23 февруари, 2014

Scratch


There's melancholy all over me. And I'm tired. But happy in a weird kind of way. One last exam, one last day of pressure. Suddenly that song appeared in my mind out of nowhere. "Dawson's Creek" is making me stay up late and enjoy every second if it. After yesterday and the morning I had, I could not think my mood can get better in any possible way. And yet when I called him with the intention to blame him for not being here, everything sort of faded and somehow things righted themselves. By that time tomorrow I will be having fun with some friends because I've decided to reward myself with a girls' party. 
My rewards are many and I will be spending next month on them and enjoying every second. And Callie or whoever said it, because I never remember the exact quote, just the meaning... Well, whoever said that you don't care so much about winning, as long as you just cross the finish line, was right. I just want this exam session to be over, so I can get back to my social life, enjoy some quality time with my friends and have fun. And I have a book to write, many to read and finish a script, as well. 

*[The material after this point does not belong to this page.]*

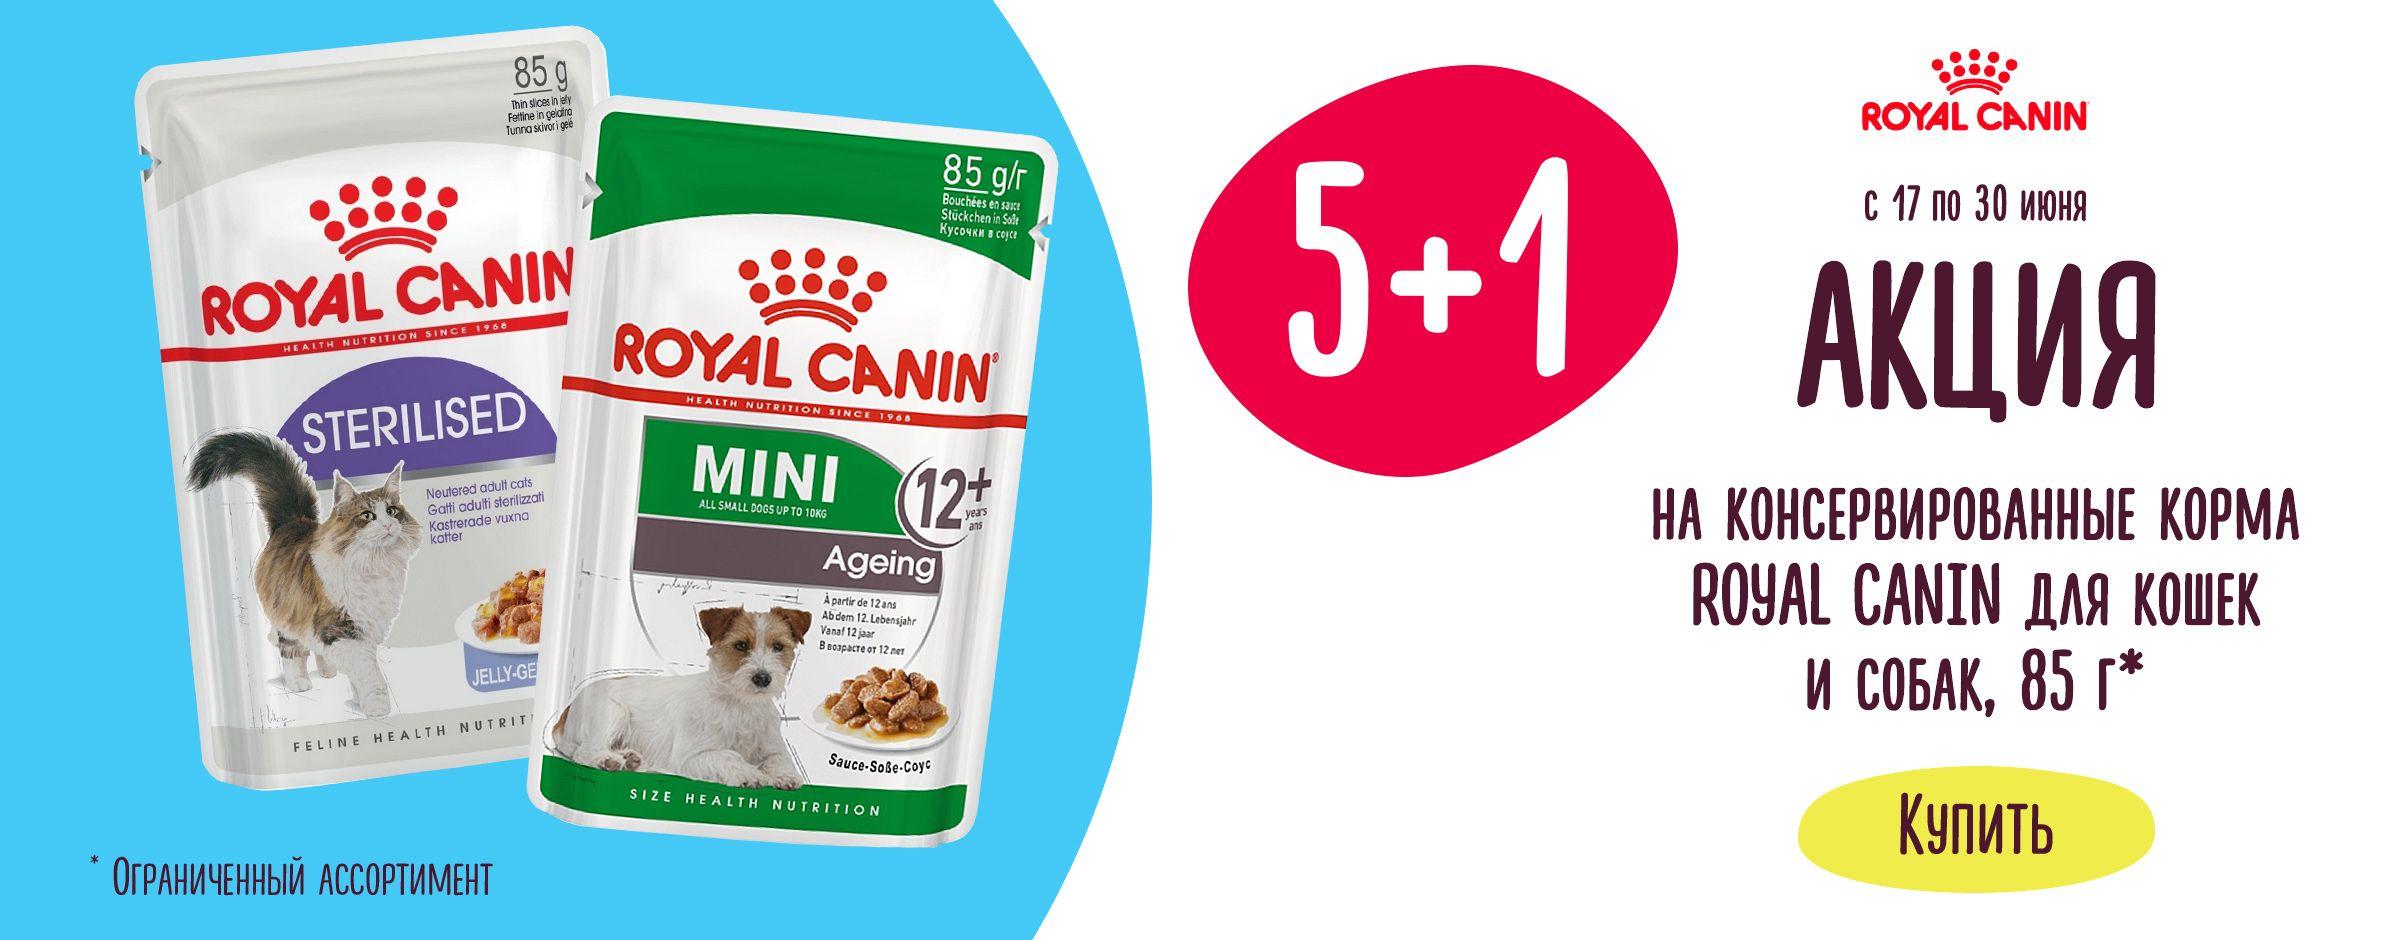 Royal Canin 5+1 Листовка 12

Above all, I want to go home and spend some time with my family, taste the newest cake my mother knows how to make, watch some movie with dad, hear some of grandma's stories and tell grandpa how I kicked my exams' behinds. What my efforts prove is that I can do it all. And also, SU really knows how to suck out all the life and inspiration out of its students. But I was born to do this, I guess... Working hard, being great, doing my best.